Incidentally, you probably know this already, but iTMS isn’t really profitable – Apple make their money on the iPods. If it didn’t have such massive marketshare, it could even be operating at a loss. Man, who wouldn’t want to enter that market.
Pete says:
August 31, 2006 at 8:41 am (UTC 13 )
Interesting last point. Do you have some links to back that up? I find it VERY hard to believe that it costs more to provide a download of a song than $1. Unless of course the recording companies are making them pay them $1.50 per song (which doesn’t seem unrealistic).
Pete says:
August 31, 2006 at 11:33 am (UTC 13 )
I guess it’s all academic for us, as New Zealand is being told, “maybe next time“.
db says:
August 31, 2006 at 12:27 pm (UTC 13 )
http://daringfireball.net/2004/08/2004_wont_be_like_1984
http://daringfireball.net/2004/01/the_hbomb
http://daringfireball.net/2005/02/magic_8ball_napster
Kinda long, but they are full of interesting stuff. To clarify, when I said iTMS isn’t really profitable, it might be a bit profitable. And I’m sure it is, because it is a raging success. I think they’ve reached 1 billion songs downloaded now? But heaps of that $1 goes to the record companies, some goes to Apple, and they have plenty of costs to cover. Anyway, the crux of it is, iTMS isn’t there to make money. It probably does anyway, which is why it must be so great to be an Apple shareholder these days, but Apple is a hardware company and they are making stacks of dosh on the iPods themselves.

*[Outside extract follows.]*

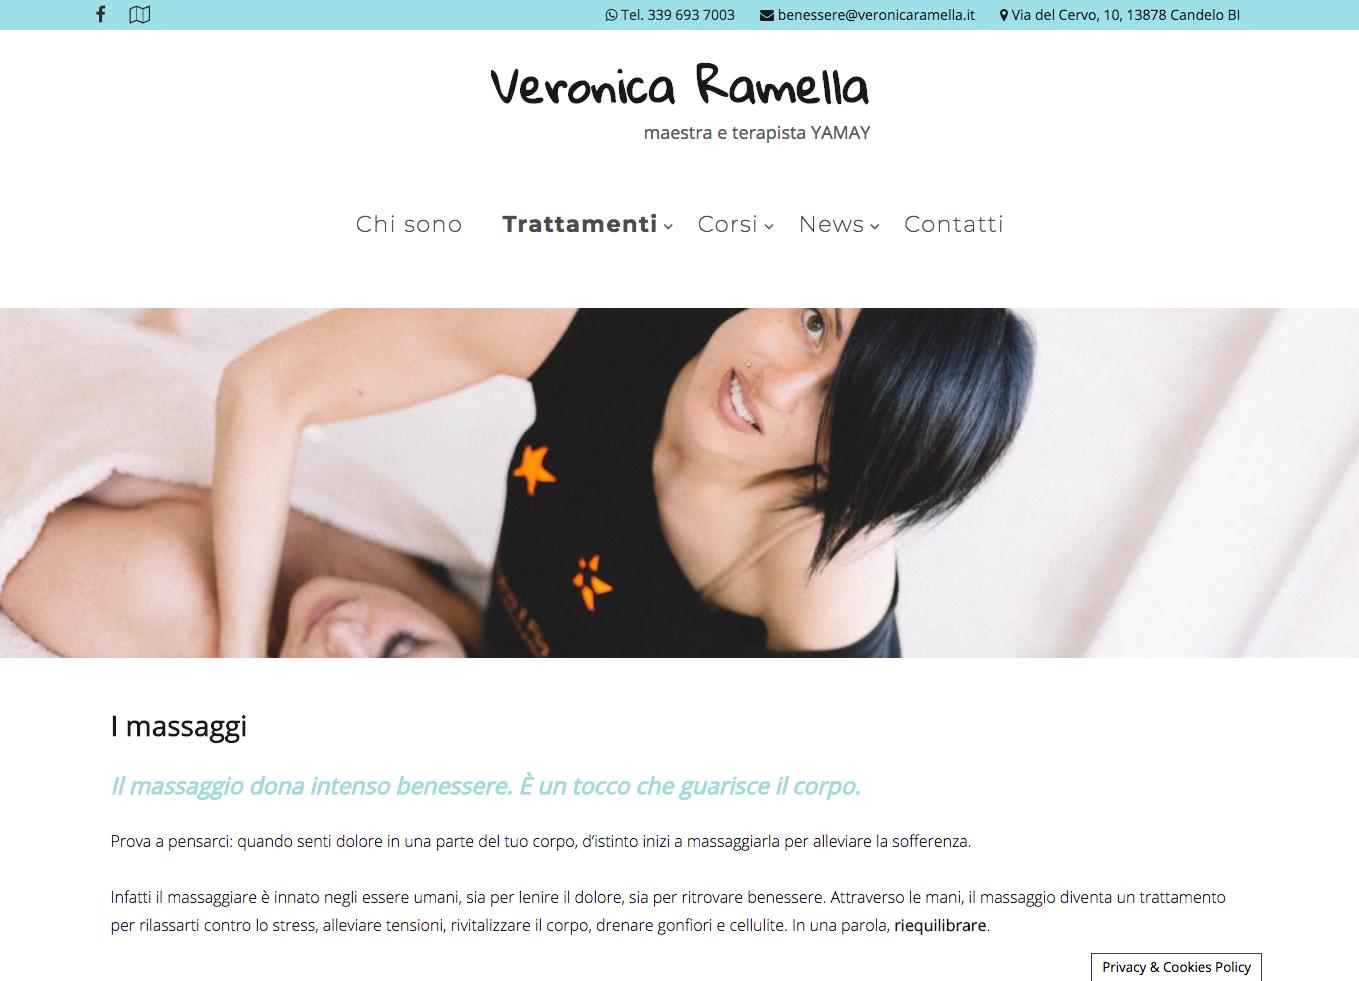 Veronica Ramella YamaY

One quotation from above links:
“Yes, Apple makes way more money selling iPods than they do songs at the iTMS. Yes, Apple probably only makes about 10 cents per song sold. And, yes, Steve Jobs has stated that the iTMS is a loss-leader (“break-even-leader” is perhaps more apt) intended to sell more iPods.”
Also consider:
“E.g., according to Apple, to date they’ve sold over 10 million iPods, and over 250 million songs have been downloaded from iTMS (which is not to say they’ve sold 250 million songs). That averages out to about 25 iTMS songs per iPod.”
Pete says:
August 31, 2006 at 12:47 pm (UTC 13 )
Hmm, cheers for that. Interesting reading.
db says:
September 3, 2006 at 1:44 am (UTC 13 )
This just in:
Wal-Mart and Apple Battle for Turf
Which has a little bit about pricing on the rumoured movies:
“(The plan is for Apple to pay a $14 wholesale price for new releases [and sell @ $14.99], say sources, although negotiations continue.)”
Pete says:
September 5, 2006 at 2:08 pm (UTC 13 )
Yeah, that was interesting. Would certainly make buying movies cheaper for kiwis (about NZ$24 at current exchange rates).
I have a question. The original service we’re discussing is going to limit users by their IP Address. Anyone with any sort of a dark side knows that it’s possible to mask your IP address with a false address.
Presumably it would be fairly easy to do this, and then to use the service. If you watch all the ads, would it be just as morally wrong as downloading them off the net?
db says:
September 5, 2006 at 10:20 pm (UTC 13 )
Well, my personal take is that the US-only rule is stupid (unfair, exclusionary, etc.), and so circumventing is not only right, but commendable and valorous. Taking a less anarchic perspective, I still think it’s OK, although if, say, the ads were targeted at US citizens and had no value on you, it could be argued that you are wasting their ad dollars and thus stealing.
I suppose one important issue is that legally, it is still wrong, which could be a sticky point.